I called big al;s yesterday to see if they had the adapter that i need and said yes but then when i got there NO well poor guy i cursed him and said your a liar lol
So now hubby and i will go to home depot and see if we can rig something up .
The thing is a pain lol
We got a snail ome it is massive size of half a orange with tenicles poking out really creapy looking .


----------



## blossom112 (Mar 19, 2008)

OK 28 gl on hold till we can figure out the fans ...
but tonight we are going to start a full cycle on 12 gl nano cube .
Going to put argonite (shallow i think)
25 lbs of rock 
and 3 to 4 raw shrimp and the waiting beginssssssss
We are all excited and cant wait lol(about 4 to 6 week wait)
Will post pics as soon as we get started


----------



## blossom112 (Mar 19, 2008)

Well its full and ready but i havent any sand ....will go get some tomorrow b4 i put in the raw shrimp .
ITS running smoothly and decided to put it on my night table .
I have plenty of dead rock (probably too much)
I shall not need much ass i think i will use this tank for seahorses,so im hoping to find some good macro and may put a few frag zoa's .
OH boy this is exciting ,as soon as its cycled i shall run up to quangs for a few peices of LR grrr going to take weeks.


----------



## blossom112 (Mar 19, 2008)

We got the argonite sand and going to be starting my cycle today .
We also got a few different kinds of macro algae and a feather duster colony of purple and pink (pretty)
Im going to cycle with the algae,not sure if i will use the packeet with the sand (live sand)
So my plan is sea horses time to do more research 

p.s i forgot to mention ........I got into a tiff with hubby over the 28 gl biocube so im scraping it lol not worth getting into it with hubby to keep .
congrats on your new tank cid


----------



## Redox600 (Jun 29, 2008)

Hey there! What do you mean you are cycling with macro algae? I'm not familiar with that aspect of cycling? Also you have added livestock (featherdusters) before the cycle has finished?

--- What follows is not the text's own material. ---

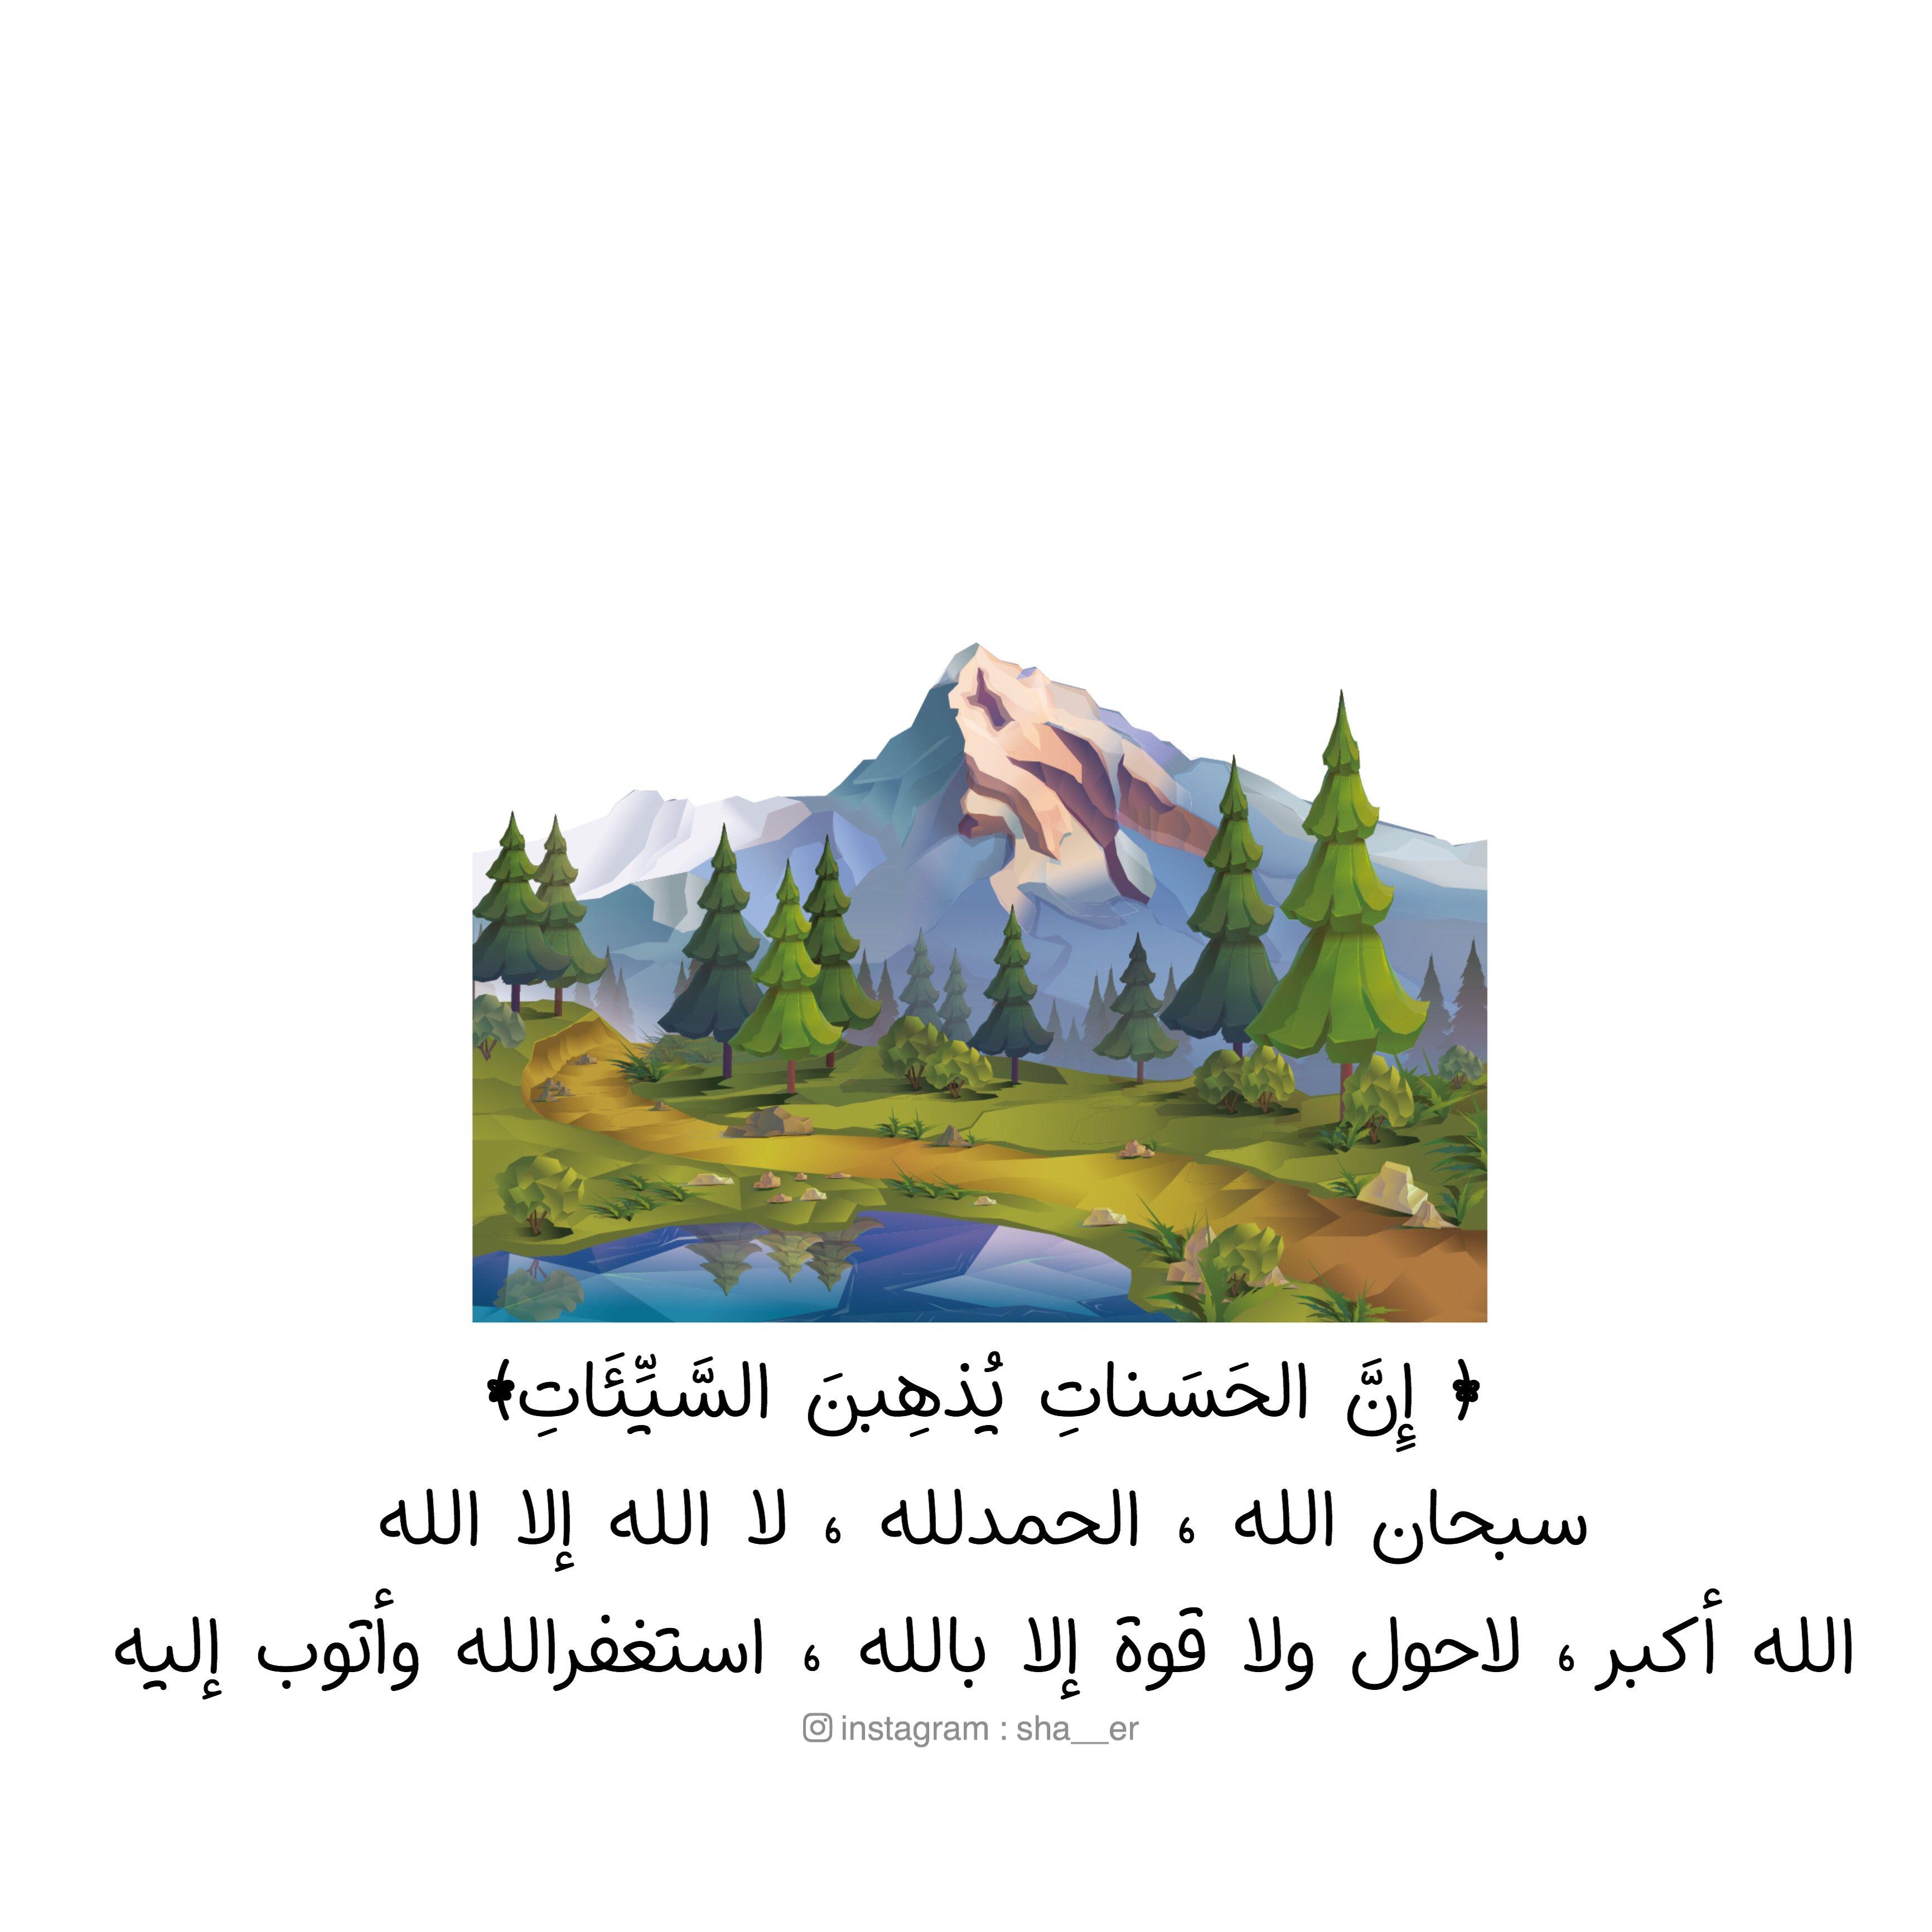 تصميم صور سبحان الله الحمدلله لا اله الا الله الله اكبر Instagram Painting Art

I too have started a 29G Biocube, but put in the sand (coarse and fine aragonite), put in the mostly cured live rock, got my salinity where it should be and have left the lights off in the tank until the cycle has completed and tank parameters have stabilized.


----------



## blossom112 (Mar 19, 2008)

Hi ............
Yes you can put macro algae in while you cycle its about 5 buxs a fair sized bag or less even .
I used the finest argonite for a deep sand bed and found it was way dusty so i just threw in a bag of it and this morning it was clear .
Oh no i would not put anything in that tank (till full cycle)
I have a 20 gl SW set up (over a year ,just upgraded tanks)

I would leave the lights on the proper times (run it like normal)
I usually turn them on in am shut at night , have to now with the plant in it .
I am cycling with raw shrimp ,so tonight i will rinse the rest of my rock and put it in then the shrimp and turn the heat up a little highter so it rots faster .
Depending on my amm spike in 2 weeks i may have to do it again .
not sure what im going toi do after its cycled about livestock , im going to get my clowns from my friends and put them in for 4 months untill its more established then send them back when i pick out some seahorses.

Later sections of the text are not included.